NVIDIA AI Just Released cuda-oxide: An Experimental Rust-to-CUDA Compiler Backend that Compiles SIMT GPU Kernels Directly to PTX

NVIDIA AI researchers recently released cuda-oxide, an experimental compiler that allows developers to write CUDA SIMT (Single Instruction, Multiple Threads) GPU kernels in standard Rust code. The project compiles Rust directly to PTX (Parallel Thread Execution) — the assembly-like intermediate representation that CUDA uses to target NVIDIA GPUs — without requiring domain-specific languages, foreign function interface bindings, or C/C++ code.

How This Makes a Change

Writing GPU kernels today typically means writing C++ and using the CUDA programming model directly, or relying on Python-level abstractions like Triton that generate CUDA under the hood. The Rust GPU ecosystem has had projects attempting to bridge this gap — Rust-GPU targets SPIR-V for Vulkan/graphics compute, rust-cuda uses a rustc codegen backend targeting NVVM IR, CubeCL uses an embedded DSL with a JIT runtime that cross-compiles to CUDA/ROCm/WGPU, and std::offload uses LLVM’s implicit offload path.

cuda-oxide occupies a specific position in this space. Its stated design center is “bringing CUDA into Rust” — kernel authoring, device intrinsics, the SIMT execution model, and the CUDA programming model expressed natively in safe Rust — closer in spirit to writing a __global__ function in C++ than to writing a generic Rust function that happens to run on a GPU. By contrast, the closest neighbor, rust-cuda, focuses on “bringing Rust to NVIDIA GPUs”: Rust ergonomics like async/.await, parts of the standard library running on-device, and a Rust-first programming model that abstracts over CUDA concepts. The NVlabs team notes it has been coordinating with rust-cuda maintainers and considers the two projects complementary.

The Compilation Pipeline

At the core of cuda-oxide is a custom rustc codegen backend — the layer in the Rust compiler responsible for generating machine code. Instead of emitting native CPU code, the rustc-codegen-cuda crate intercepts the compiler at the CodegenBackend::codegen_crate() entry point and runs a separate pipeline for device code:

Rust Source → rustc frontend → rustc_public (Stable MIR) → dialect-mirmem2regdialect-llvm → LLVM IR (.ll) → PTX (.ptx)

Here are some important elements:

Why rustc_public? The raw internal MIR representation in rustc changes between nightly versions with no stability guarantees. cuda-oxide uses rustc_public — also known as Stable MIR — which is Rust’s official versioned, stable API over the compiler’s internals. This lets the backend read MIR without breaking on every nightly update.

What is Pliron? The middle stages use Pliron, a Rust-native MLIR-like IR framework written entirely in Rust. Choosing Pliron instead of upstream MLIR means the entire compiler builds with cargo — no C++ toolchain, no CMake, no tablegen. cuda-oxide defines three custom Pliron dialects: dialect-mir (modeling Rust MIR semantics — places, projections, rvalues, terminators), dialect-llvm (modeling LLVM IR with textual .ll export), and dialect-nvvm (NVIDIA GPU intrinsics like thread indexing, barriers, and TMA).

What does llc do? After the dialect-llvm printer serializes the IR into a textual .ll file, the external llc binary (the LLVM static compiler with NVPTX backend) compiles it to PTX assembly. This is the one stage outside pure Rust. The resulting .ptx file is written next to the host binary — for example, target/debug/vecadd.ptx — and loaded by the CUDA driver at runtime.

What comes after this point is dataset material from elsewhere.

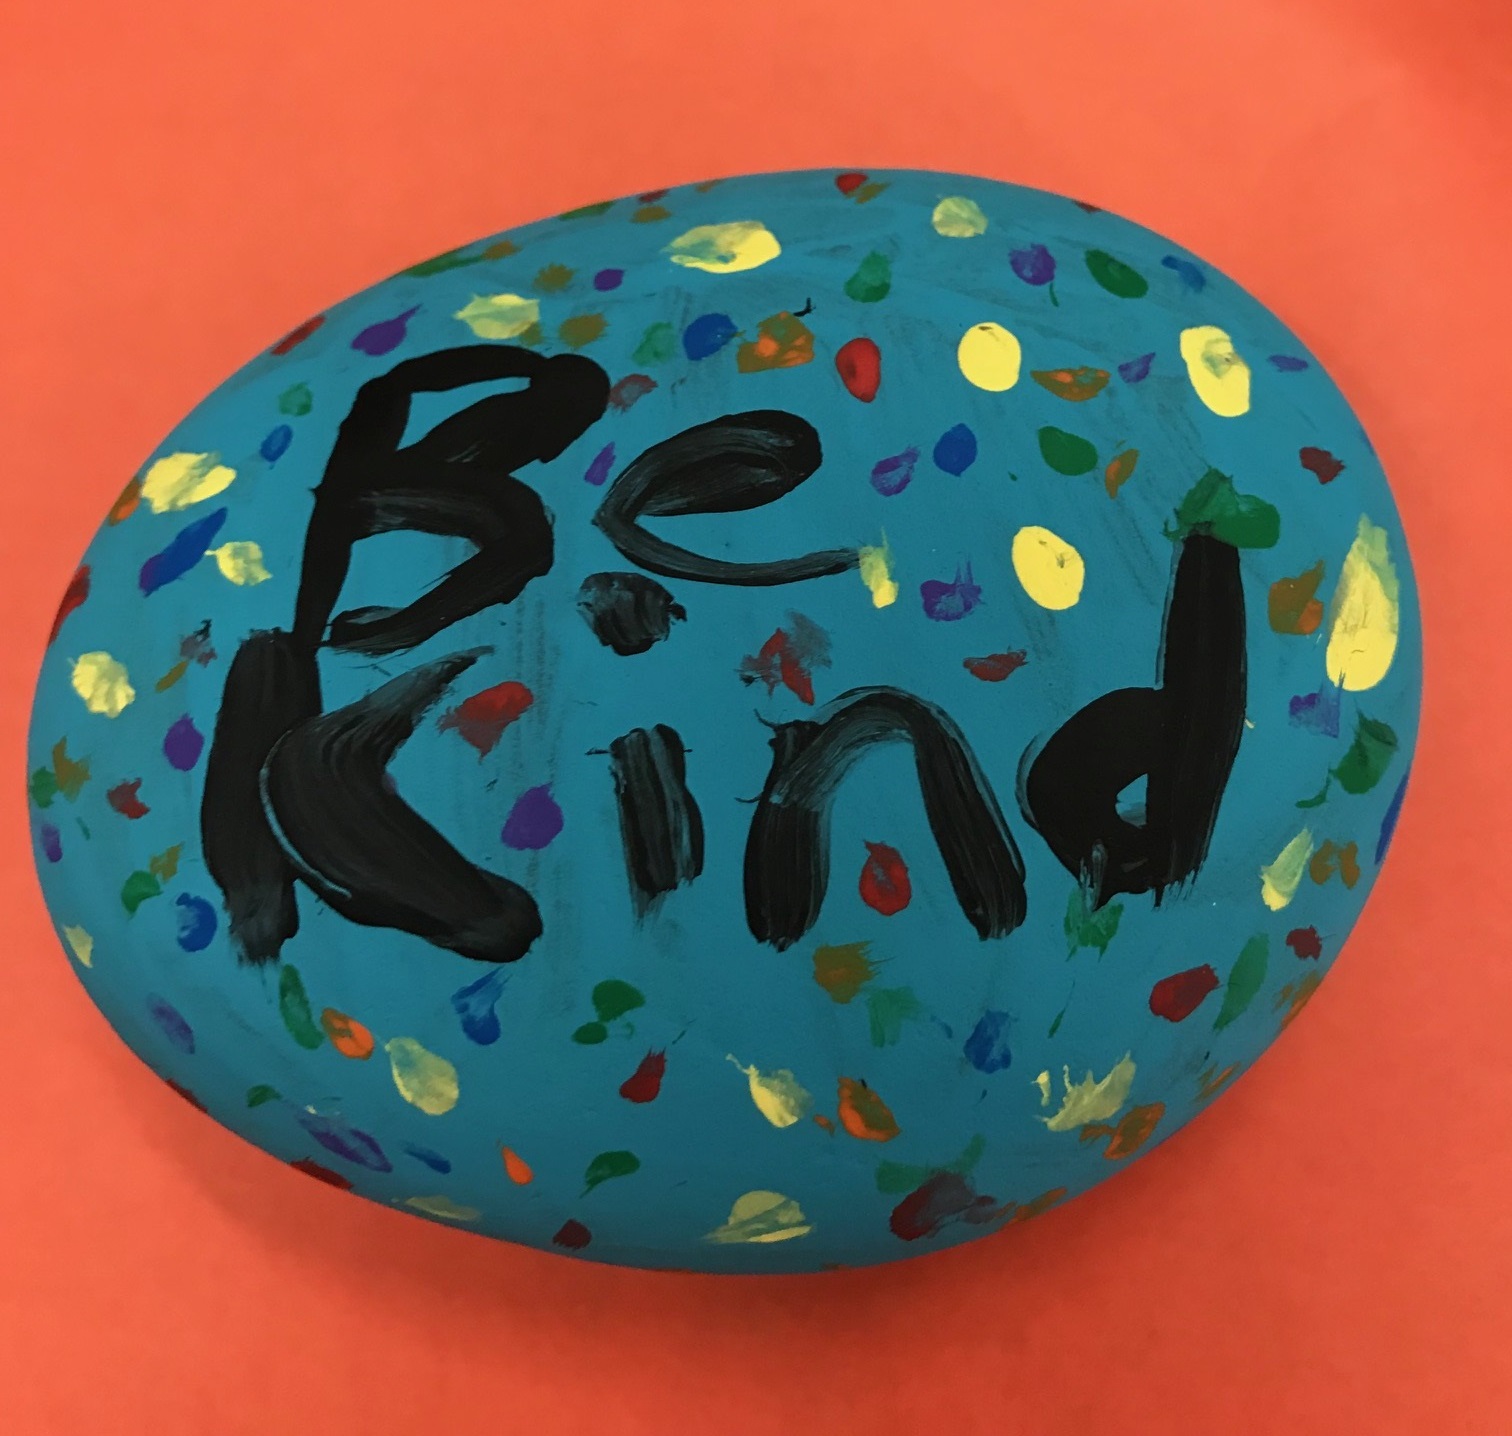 "Be Kind" Painted on a Stone

You as a developer can observe each stage with:

cargo oxide pipeline vecadd

This prints the full trace from Rust MIR through each dialect down to PTX output.

Single-Source Compilation and the Host/Device Split

Host and device code live in the same .rs source file. cargo oxide sets -Z codegen-backend=librustc_codegen_cuda.so, which routes code generation through cuda-oxide’s backend. The backend then scans compiled code for monomorphized functions whose names carry the reserved cuda_oxide_kernel_<hash>_<name> prefix — the namespace that the #[kernel] proc macro creates. Functions matching that prefix go through the cuda-oxide pipeline to produce PTX; all other host code is delegated to rustc’s standard LLVM backend. The result of a single cargo oxide build is a host binary plus a .ptx file.

cargo oxide run vecadd
cargo oxide debug vecadd --tui    # debug with cuda-gdb

Device code from library dependencies is compiled lazily: the backend reads their Stable MIR from .rlib metadata on demand, only compiling functions a kernel actually calls.

What You Can Write in a Kernel

cuda-oxide supports a meaningful subset of Rust in GPU kernel functions, marked with the #[kernel] attribute macro. This includes:

  • Generic functions with monomorphizationfn scale<T: Copy>(...) is compiled to a concrete PTX kernel per type used at the call site.
  • Closures with captures — closures passed from the host are scalarized and passed as PTX kernel parameters automatically.
  • User-defined structs and enums — standard Rust data structures work inside kernels.
  • Pattern matchingmatch, if let, and related constructs work in device code.
  • Full GPU intrinsics — the cuda-device crate provides wrappers for thread indexing, warp operations (shfl_sync, ballot_sync, etc.), shared memory, barriers, TMA (Tensor Memory Accelerator), Thread Block Clusters, and scoped atomics (6 types × 3 scopes × 5 orderings).

One important GPU-specific compiler detail: rustc’s JumpThreading MIR optimization — which duplicates function calls into both branches of an if-statement — is disabled for device code in cuda-oxide. On CPUs this is a safe optimization, but on GPUs it breaks barrier semantics: all threads in a block must converge at the same bar.sync instruction, and duplicating it across branches violates that requirement. Additionally, sync primitives are marked convergent in the emitted LLVM IR so that LLVM’s optimization passes cannot move or duplicate them across control flow.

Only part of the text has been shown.